With that in mind, she helped us understand how she work. The one point she really wanted to carry across is that as journalists, they don’t show a bunch of data, but first find an angle which they then illustrate with data. In her words: what if the front page of the Times read “Here are some words. We hope you’ll find some of them interesting”? and yet instead articles have carefully crafted, engaging titles.
To draw the user in, the NYT graphics team rely on two main techniques. First, they don’t try to show every data point they have (more on that shortly). Second, they rely on the annotation layer. Interestingly, I notice that virtually none of the visweek applications have any form of annotation layer. By this she refers to notes and text that appears close to the actionable parts of the visualizations. One common framework that is used in NYT visualizations is the “stepper”, their “interactive slides” system. You often see in one corner of their designs consecutive numbers one next to another with a “next” button, so the user can make their way through the explanation or go back to any previous point. Well, this stepper model allows the team to provide new explanations with each slide.

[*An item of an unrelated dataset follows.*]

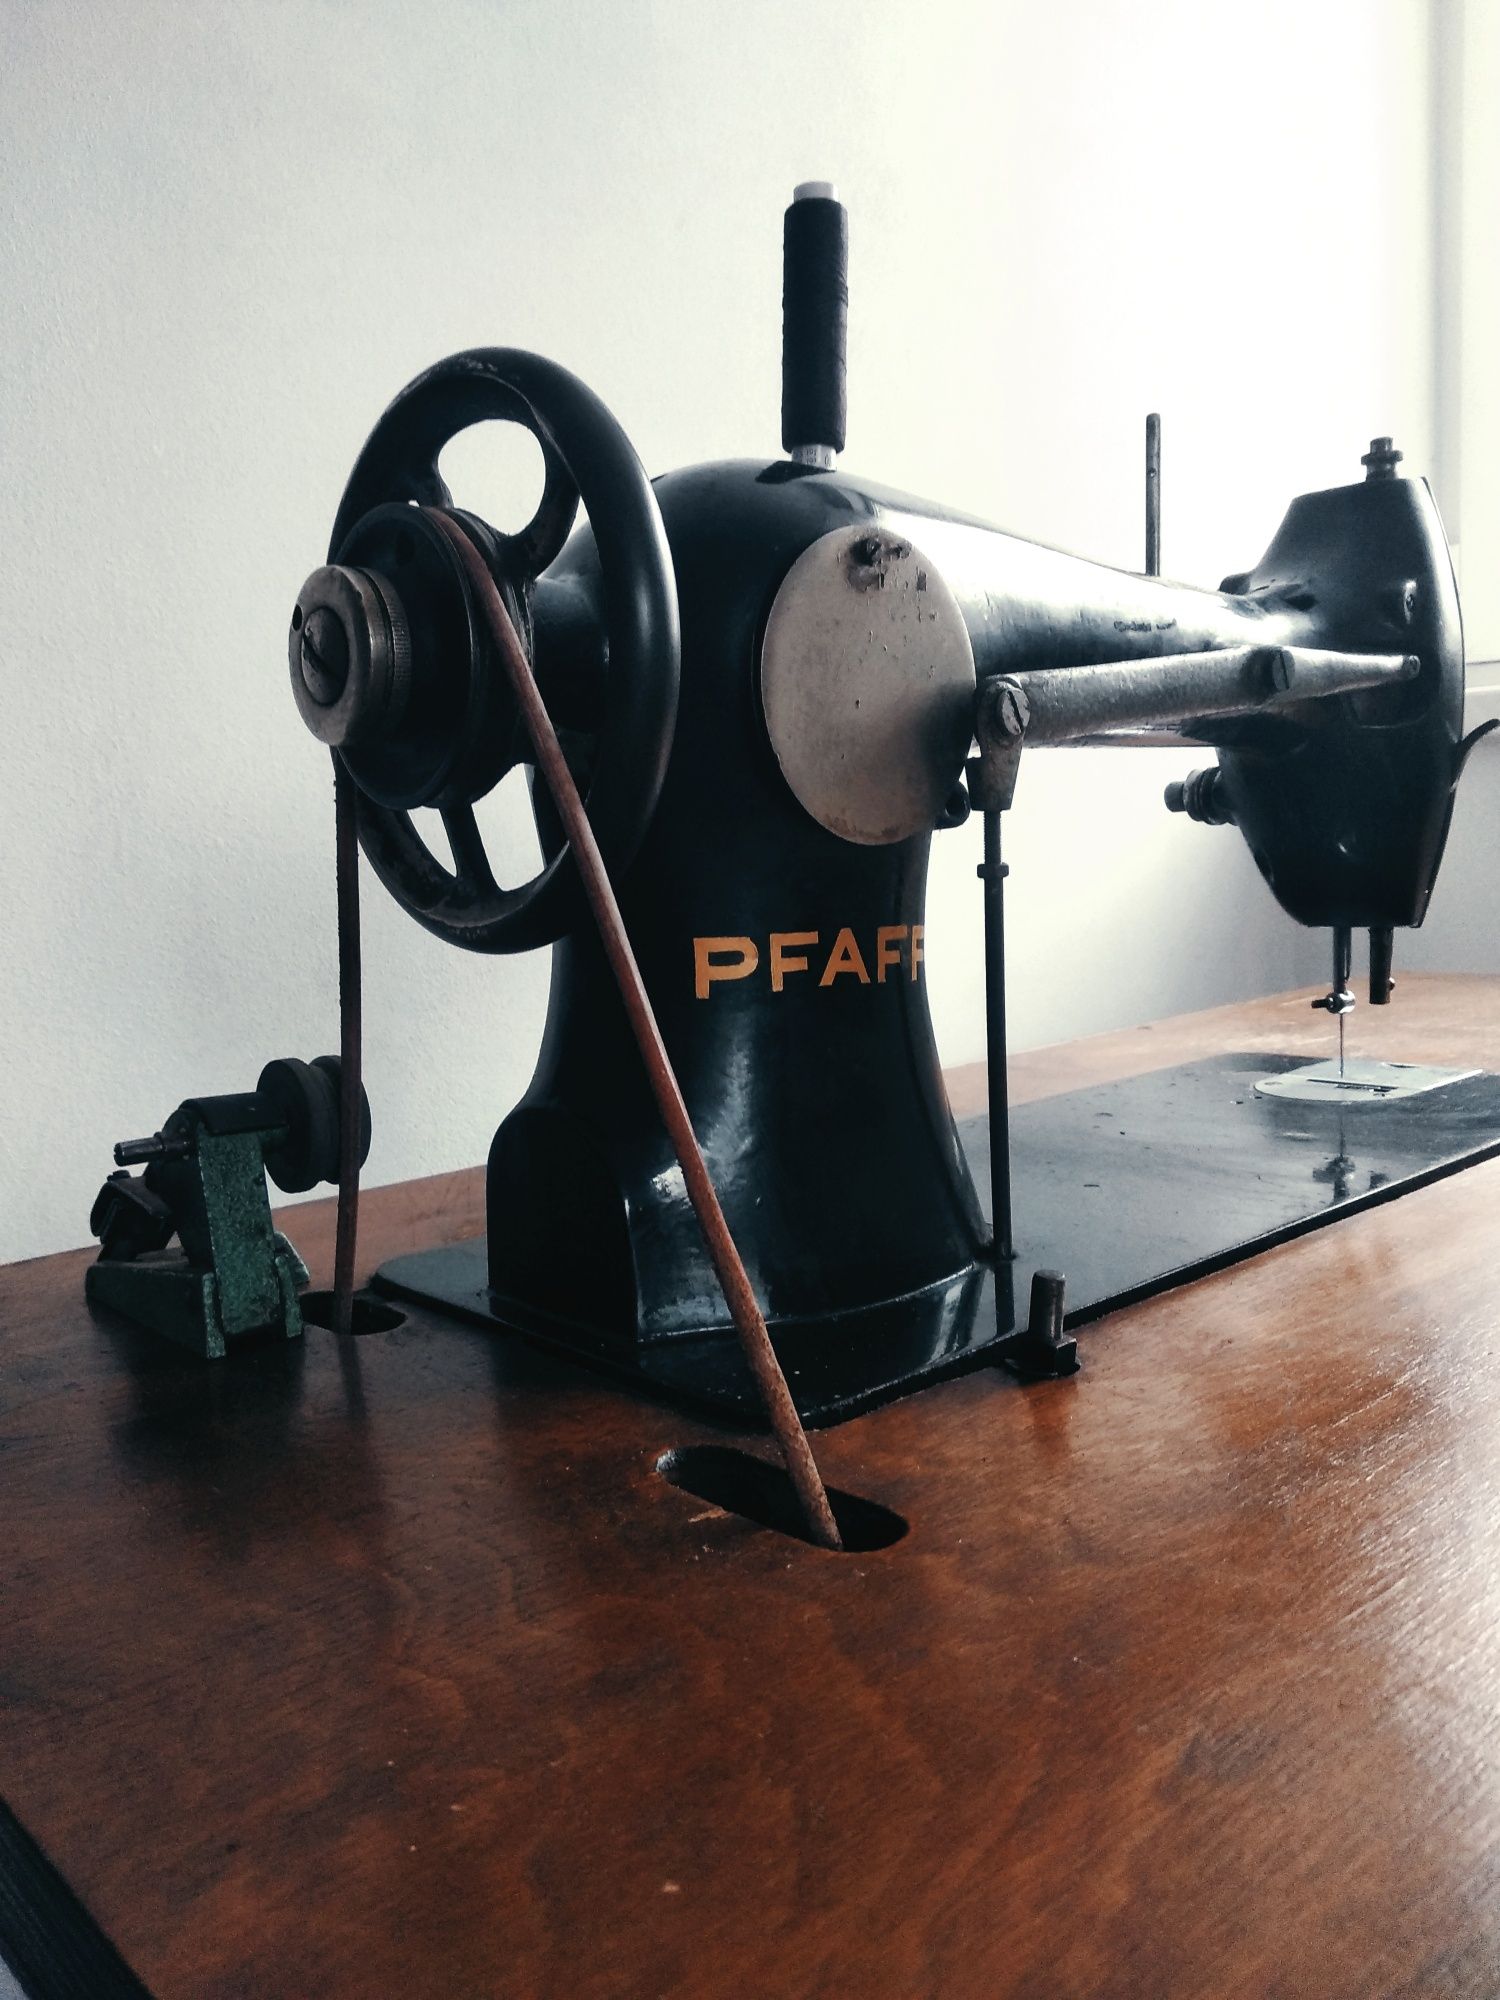 Pfaff działająca, zabytkowa maszyna do szycia na stoliku

Since they are so comfortable with annotations, the NYT team is ok with using unique, non-recyclable visualizations. I really appreciated what she confirmed when she answered questions, that they don’t really care about using novel visualizations that most readers never saw before, versus very traditional ones. Amanda claims that if they use innovative (but commented) forms, they do lose some readers but “the net joy remains positive”. They are very mindful of finding clever, relevant ways to represent the data, versus either familiar templates or bleeding edge forms.
Finally, she insisted that design is hierarchy, that is, knowing is important and what is not as important. This goes beyond the choice to not show every data point that we alluded to earlier, but it’s also about what to highlight and what to downtone. Mastering this balance is critical to achieve the signature NYT style.